Most cancer treatments are a direct assault on cancer cells through radiation, chemotherapy, or targeted therapy. Yet, new alternative approaches are also showing tremendous promise. “Targeting cancer cells is important,” said Yajaira Suarez, PhD, Deputy Chair and Anthony N. Brady Associate Professor of Comparative Medicine, “but we are interested in the other side.”
Dr. Suarez is referring to the ecosystem surrounding the cancer cells, the ‘tumor microenvironment.’ She studies how that environment influences the tumor growth. More specifically she is interested in two types of cells within the tumor microenvironment: endothelial cells, which create blood vessels, and macrophages, white blood cells integral to the immune system. Her research focuses on the novel mechanisms that regulate the functions of these two cell types.
When normal cells become cancerous and start to proliferate, she explains, they secrete factors whose signals cause two responses. One signal stimulates endothelial cells to produce blood vessels to feed and oxygenate the tumor. Another signal tells the immune system to send white blood cells to fight the mutating cancer cells. “But because these macrophages are in the microenvironment, with factors secreted by the tumor,” explained Dr. Suarez, “they become addicted, let us say, and transform from their normal function. Instead, they start helping the tumor to grow.”
To understand the mechanisms behind these two actions, Dr. Suarez and her colleagues turned their attention to microRNAs within the tumor microenvironment. MicroRNAs are small noncoding fragments of RNA that don’t produce protein. Th at makes them sound like molecular nonentities, but the reality is far different.
“They interact with RNAs that produce proteins,” said Dr. Suarez, “and they regulate gene expression. That leads to controlling the level of these proteins and therefore controlling cell function. And these microRNAs can control not just one RNA molecule, but different RNA molecules, so they control different proteins.” More importantly, she adds, the RNAs targeted by microRNAs are not random, but are selected to command signaling pathways and metabolic pathways.

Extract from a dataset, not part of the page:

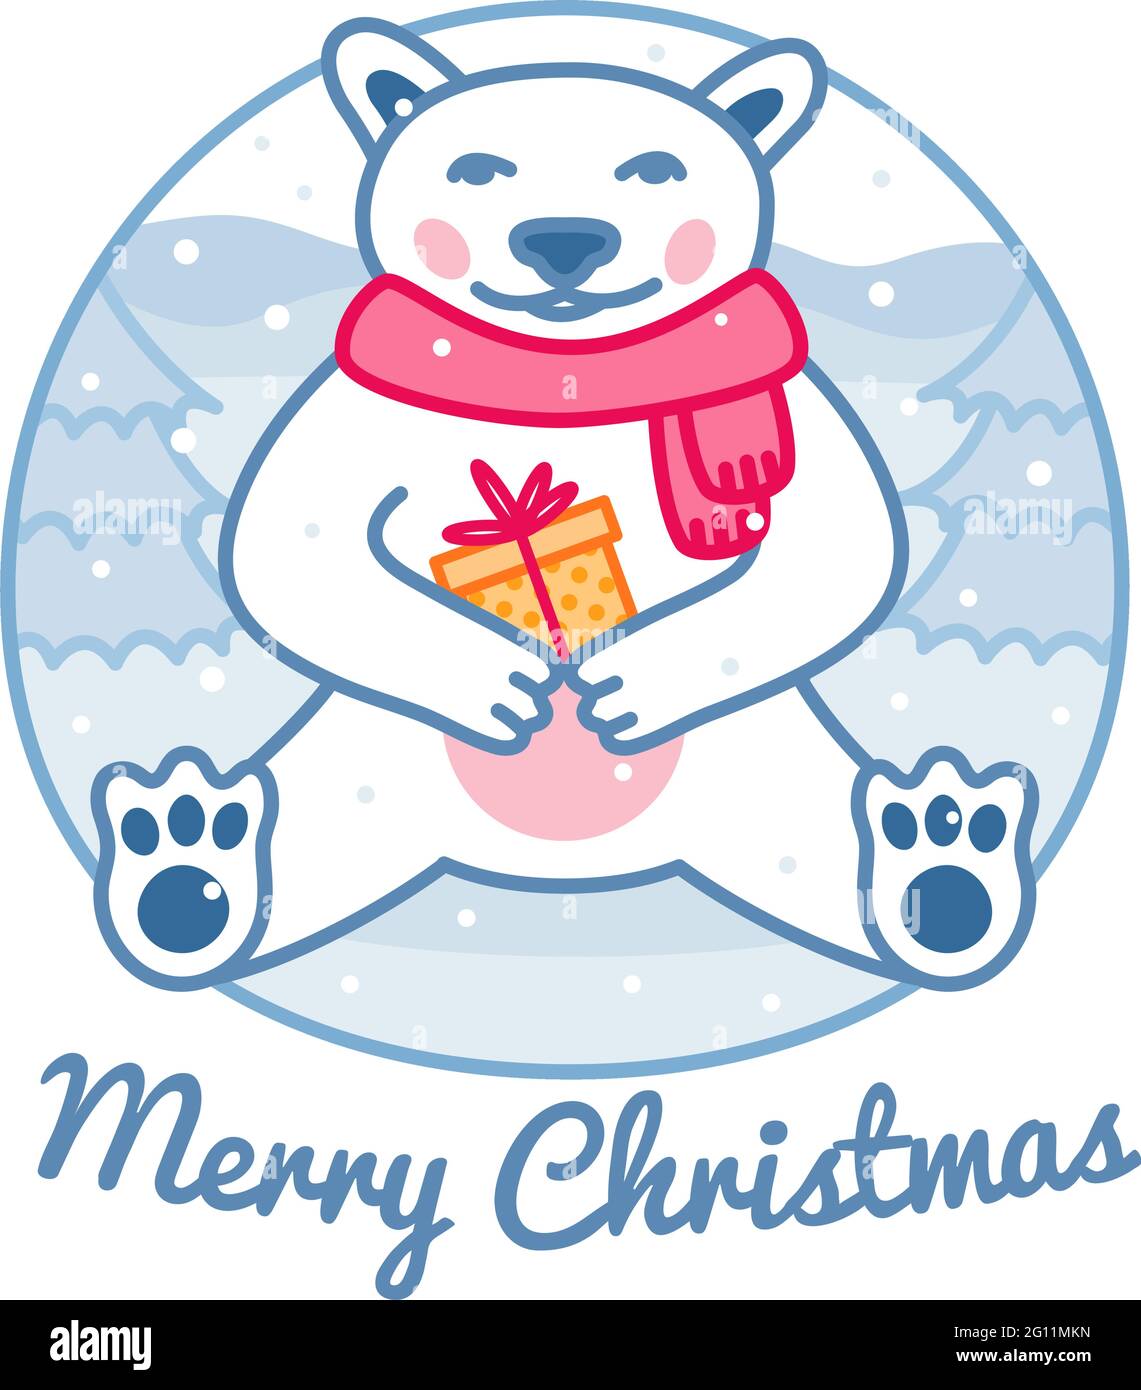 Eisbär mit eingewickelter Geschenkbox trägt roten Schal, Weihnachten niedlichen Charakter und Grußkarte, Frohe Weihnachten Zeichen, Vektor-Illustration Stock Vektor

“This is the beauty of microRNAs,” she said. “Because they control different pathways and different proteins, they give you this ability to target more than one protein in anti tumor treatments, so you can get an overall effect that is more pronounced.” Dr. Suarez and her colleagues knew that the most upregulated microRNA in solid tumors is microRNA-21 (miR-21). It is also over expressed in cells from the tumor microenvironment. Dr. Suarez’s team used animal models to analyze the links between miR-21, the tumor microenvironment, and growth. They found that miR-21 sends signals from the tumor microenvironment that regulate cells associated with tumorigenesis, including endothelial cells and tumor-associated macrophages (TAMs).
Next, using a mouse model, they removed miR-21 from the macrophages to see what would happen. “Everything changed,” said Dr. Suarez. In the paper reporting their results, published in the Journal of Clinical Investigation, the scientists wrote that the absence of miR-21in the macrophages “caused a global rewiring of their transcriptional regulatory network.” The macrophages shook off their addiction and started instructing T cells to kill cancer cells, shrinking the tumor. To a similar effect, the endothelial cells stopped forming blood vessels that fed the tumor.
“By targeting miR-21 in the macrophages, we were able to reduce tumor growth through two different mechanisms,” explained Dr. Suarez. These findings suggest clear benefits of targeting not only the cancer cells but its surrounding microenvironment. When signals from the microenvironment don’t reach the tumor, the power of the cancer treatment gets amplified because the T cells strengthen as the tumor’s vasculature withers.
Dr. Suarez calls the paper a proof-of-concept that points the way to other possible uses of this strategy. For instance, tumors oft en develop resistance to immunotherapies. Combining such therapies with a drug that targets microRNAs in the tumor microenvironment could unleash fresh hordes of T cells that boost the immune effect. A common side effect of radiation therapy, continues Dr. Suarez, is masses of macrophages, which can overwhelm the radiotherapy. That might be reversed by targeting miR-21 in the macrophages. Dr. Suarez and her colleagues are now testing all these possibilities.
She believes that other microRNAs could be targetable as well, not only in macrophages and endothelial cells, but in other cells within the tumor microenvironment. She emphasizes that her research emerges from her collaborations at Yale. “The Yale environment is fantastic,” said Dr. Suarez. “The investigators, the teams, the meetings with people in the Cancer Center about signaling—everything is set up to produce more insight and better ideas to do better research.”